Frequently Asked Questions

What is pelvic floor dysfunction, and how does it cause pain?

Pelvic floor dysfunction means the muscles at the base of your pelvis are tight, weak, or poorly coordinated. When these muscles can’t relax or support the pelvic organs properly, they can irritate nearby nerves and lead to the urinary, sexual, and pelvic pain symptoms associated with CPPS.

What does treating chronic pelvic pain involve?

Treating chronic pelvic pain usually means working with a pelvic floor physical and occupational therapist. At PHRC, our treatment helps release tight muscles, retrain movement patterns, and address lifestyle factors like sitting, bowel habits, or stress that can trigger flare-ups.

Does Chronic Pelvic Pain Syndrome mean I have prostate cancer?

No, CPPS is not the same as prostate cancer. While the prostate gland sits in the pelvic region, most men with chronic pelvic pain do not have cancer. Instead, their symptoms are more often linked to muscle tension and nerve irritation in the pelvic floor.

If I have pain around the prostate gland, does that mean I have prostatitis?

Not necessarily. Pain around the prostate gland does not always point to infection. Many men are given the label of “prostatitis,” but the underlying issue is often pelvic floor muscle dysfunction rather than a true prostate condition.

How is CPPS different from a bacterial infection?

A bacterial infection, such as bacterial prostatitis, shows up on lab tests and typically responds to antibiotics. CPPS, on the other hand, often does not involve bacteria at all. This is why so many men remain in pain even after multiple rounds of antibiotics.

Is CPPS the same as bacterial prostatitis?

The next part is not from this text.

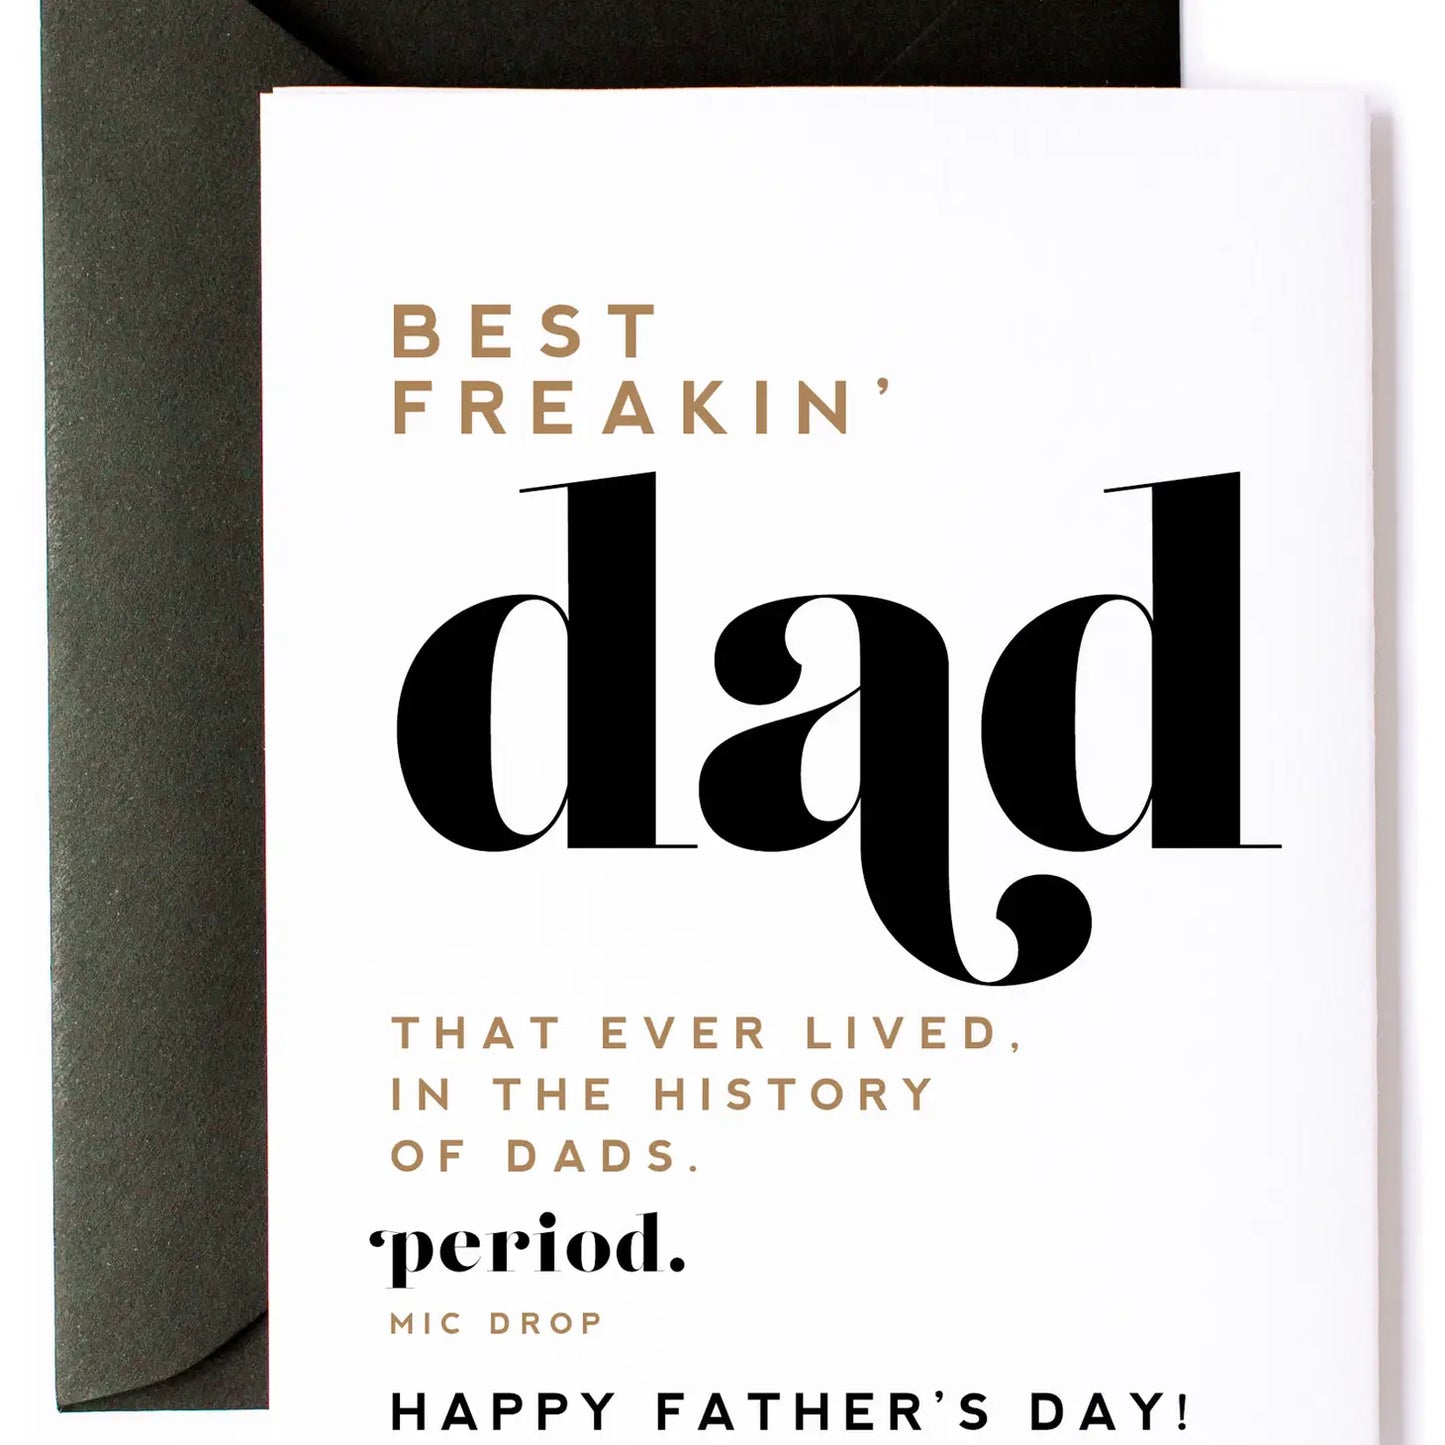 The Best Freakin' Dad Card
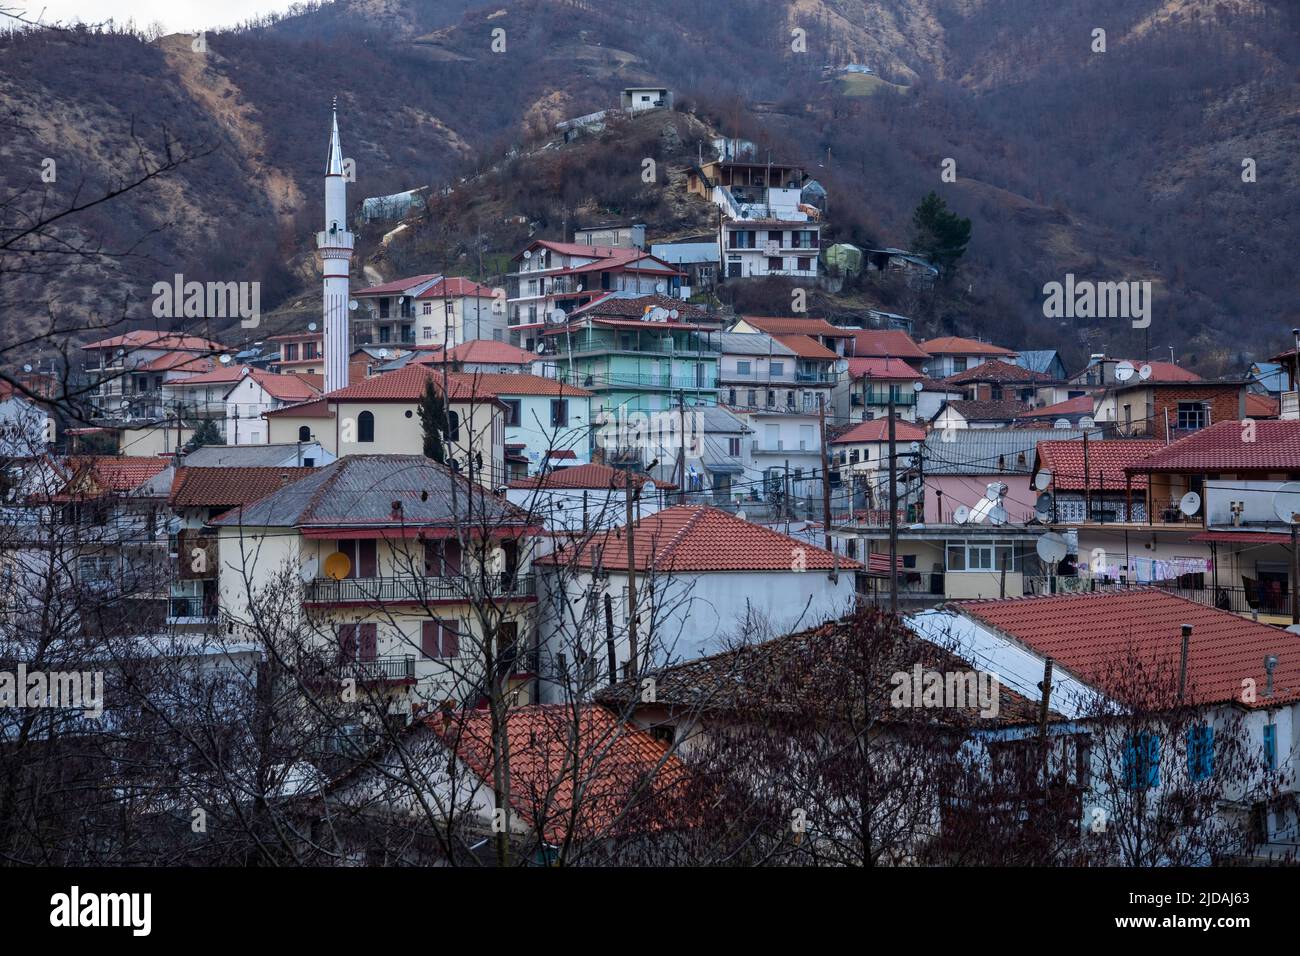 Thermes è un villaggio montagnoso di Pomak a Xanthi, al confine greco-bulgaro. Thermes è popolare per le sue terme calde, che si possono trovare in tutto il Foto Stock

No, they are separate conditions. Bacterial prostatitis happens when the prostate becomes infected with bacteria, usually confirmed by testing. CPPS is classified as non-bacterial, and treatment focuses on calming muscle and nerve dysfunction in the pelvic region.

Can irritable bowel syndrome make my CPPS worse?

Yes, irritable bowel syndrome (also known as IBS) and CPPS often overlap. Bloating, constipation, or frequent bowel movements can increase strain on the pelvic floor, which may worsen pain and urinary symptoms. This means addressing bowel health is sometimes part of a treatment plan.

How is chronic pelvic pain treated long term?

Chronic pelvic pain treated through pelvic floor physical and occupational therapy focuses on both immediate symptom relief and long-term recovery. Our treatment typically combines in-clinic treatment, home exercises, and coordination with your broader care team (when applicable) to reduce flare-ups and improve your quality of life. Many men fall into categories described as urologic chronic pelvic pain or nonspecific chronic pelvic pain, which both respond well to pelvic floor–based approaches rather than repeated antibiotics.